JERUSALEM, Israel – As Americans get ready to celebrate their nation's founding, with all its associated freedoms, Turkish Christians are facing increasing persecution at the hand of the nation's Islamist president.

President Recep Tayyip Erdogan confiscated another 50 Syriac churches, including the 1,600-year-old Mor Gabriel Monastery. Syriac is a dialect of Aramaic used during the first millennium across the Middle East and Asia.

Erdogan's most recent seizure, under the auspices of the Turkish Directorate of Religious Affairs (Diyanet) took place in Mardin province, Word Press reported.

According to the report, the Mardin governorate was compelled to transfer its churches, monasteries, cemeteries and other of the Syriac community's assets to Turkey's national treasury, which then transferred ownership to the Diyanet.

Among the state's seizures is the historic Mor Gabriel Monastery, one of the world's oldest ancient religious centers, dating to the 4th century A.D.

An appeal to halt the transfer of some 30 title deed registries by the Mor Gabriel Monastery Foundation was turned down.

Erdogan's steady encroachment on the religious rights of all minorities in Turkey has intensified since a national referendum awarded him almost exclusive power over the country.

In 2016, Erdogan took control of six churches, home to Catholic, Protestant and Orthodox congregations, in Diyarbakir. One of the churches was said to be more than 1,700 years old.

"The government didn't take over these pieces of property in order to protect them," Ahmet Guvener, pastor of the Diyarbakir Protestant Church, said at the time. "They did so to acquire them."

Meanwhile, The New York Times reports on a protest march involving thousands led by Kemal Kilicdaroglu, leader of Turkey's main opposition party.

Kilicdaroglu, who understands that in today's Turkey, he and others could be hauled off to jail, said, "If we have to pay a price, we will pay it."

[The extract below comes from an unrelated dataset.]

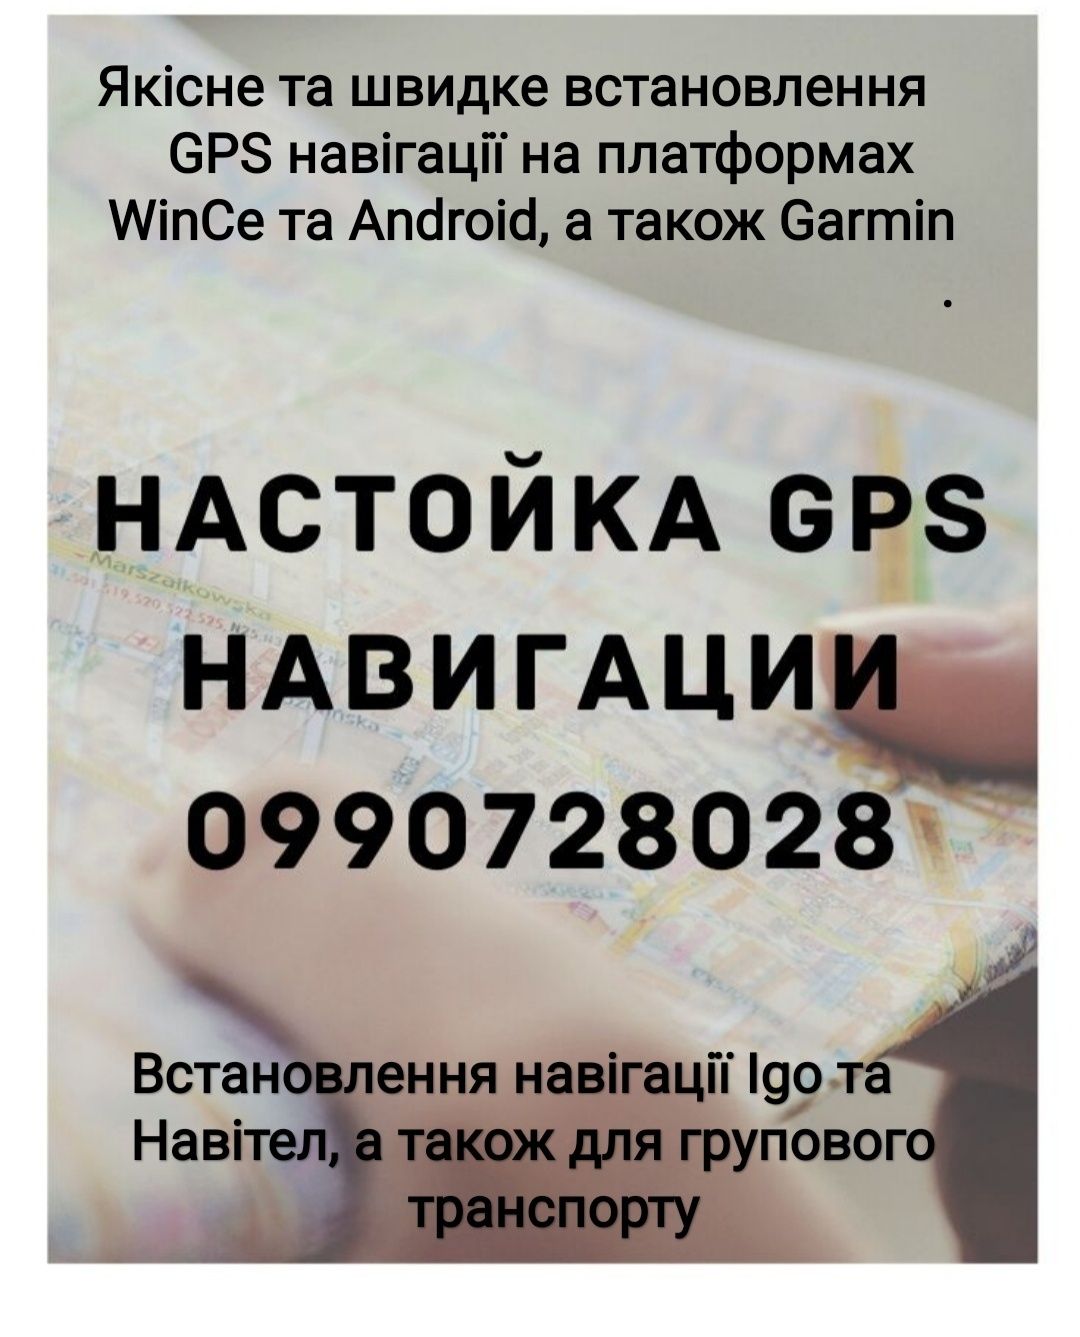 GPS навігація якісно та недогоро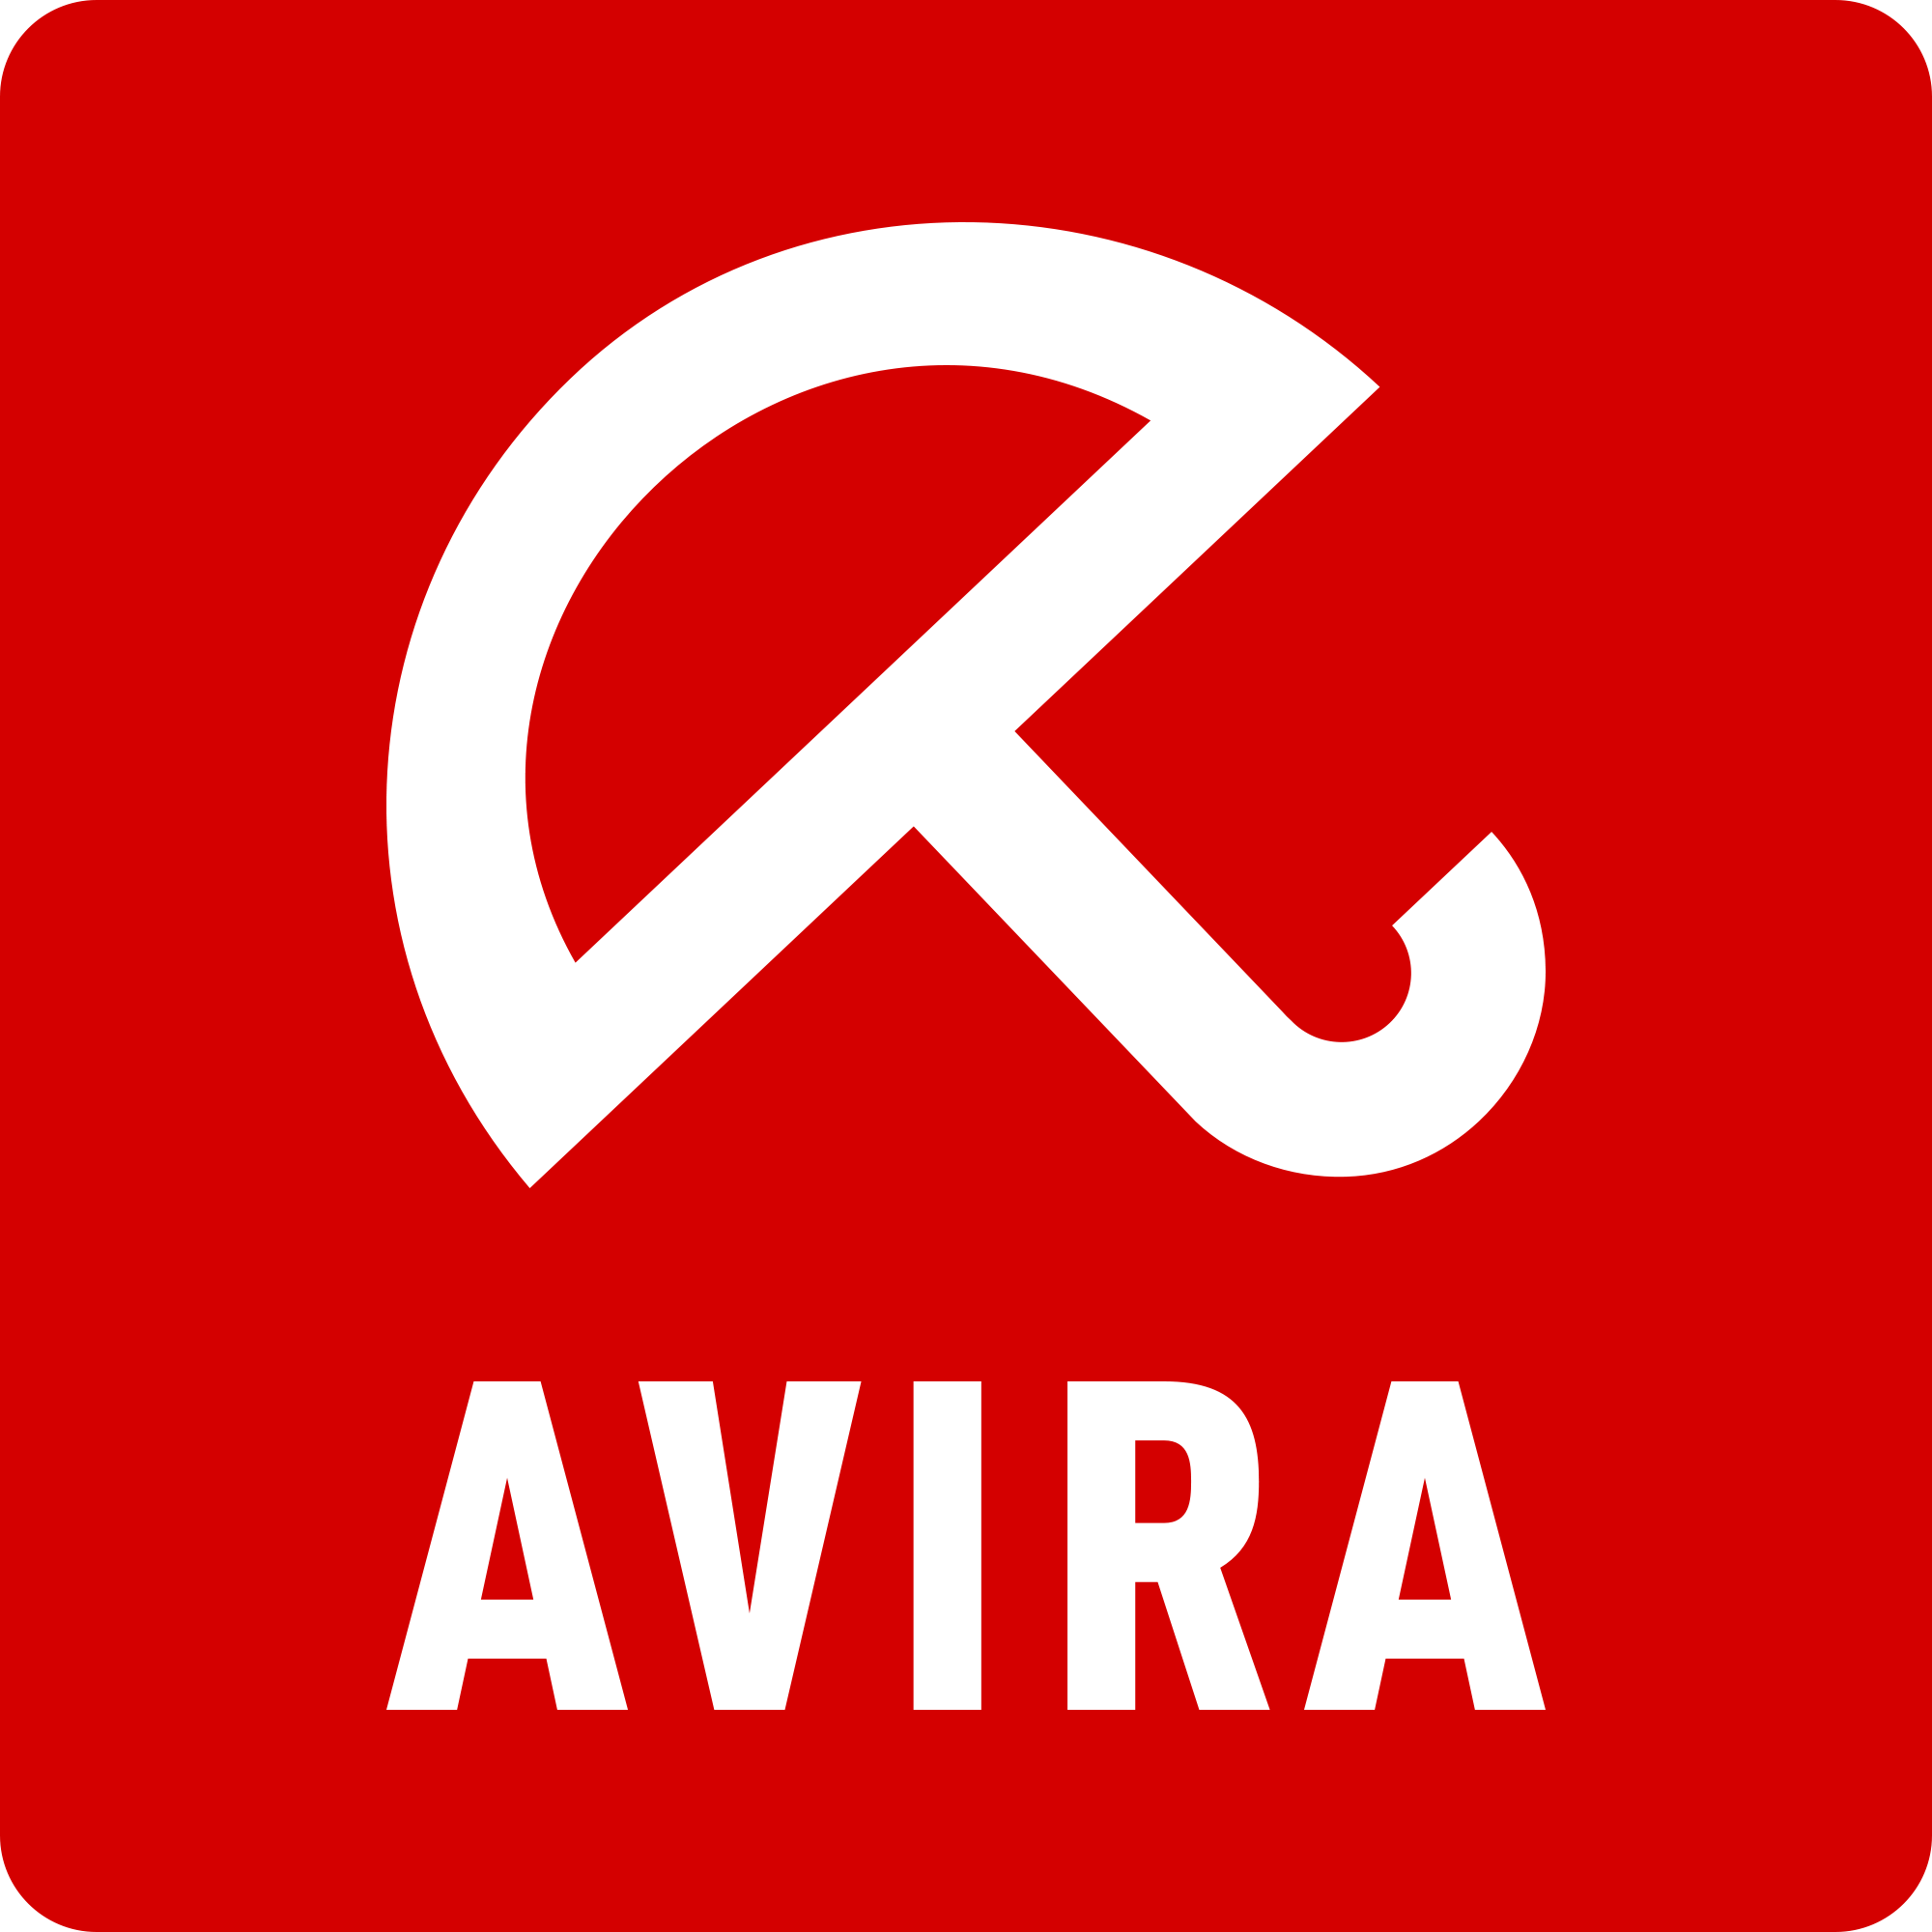 Avira - полезное приложение для защиты данных

The marchers are protesting Erdogan's arrest and imprisonment of some 50,000 Turkish citizens, including 240 journalists more than a dozen lawmakers, plus academics, teachers and civil servants.

The march, which began two weeks ago in the capital city of Ankara, was initiated by the Republican People's Party (CHP). Organizers are hoping thousands more will join the last leg of the 250-mile protest march, slated to wind up next Sunday in Istanbul.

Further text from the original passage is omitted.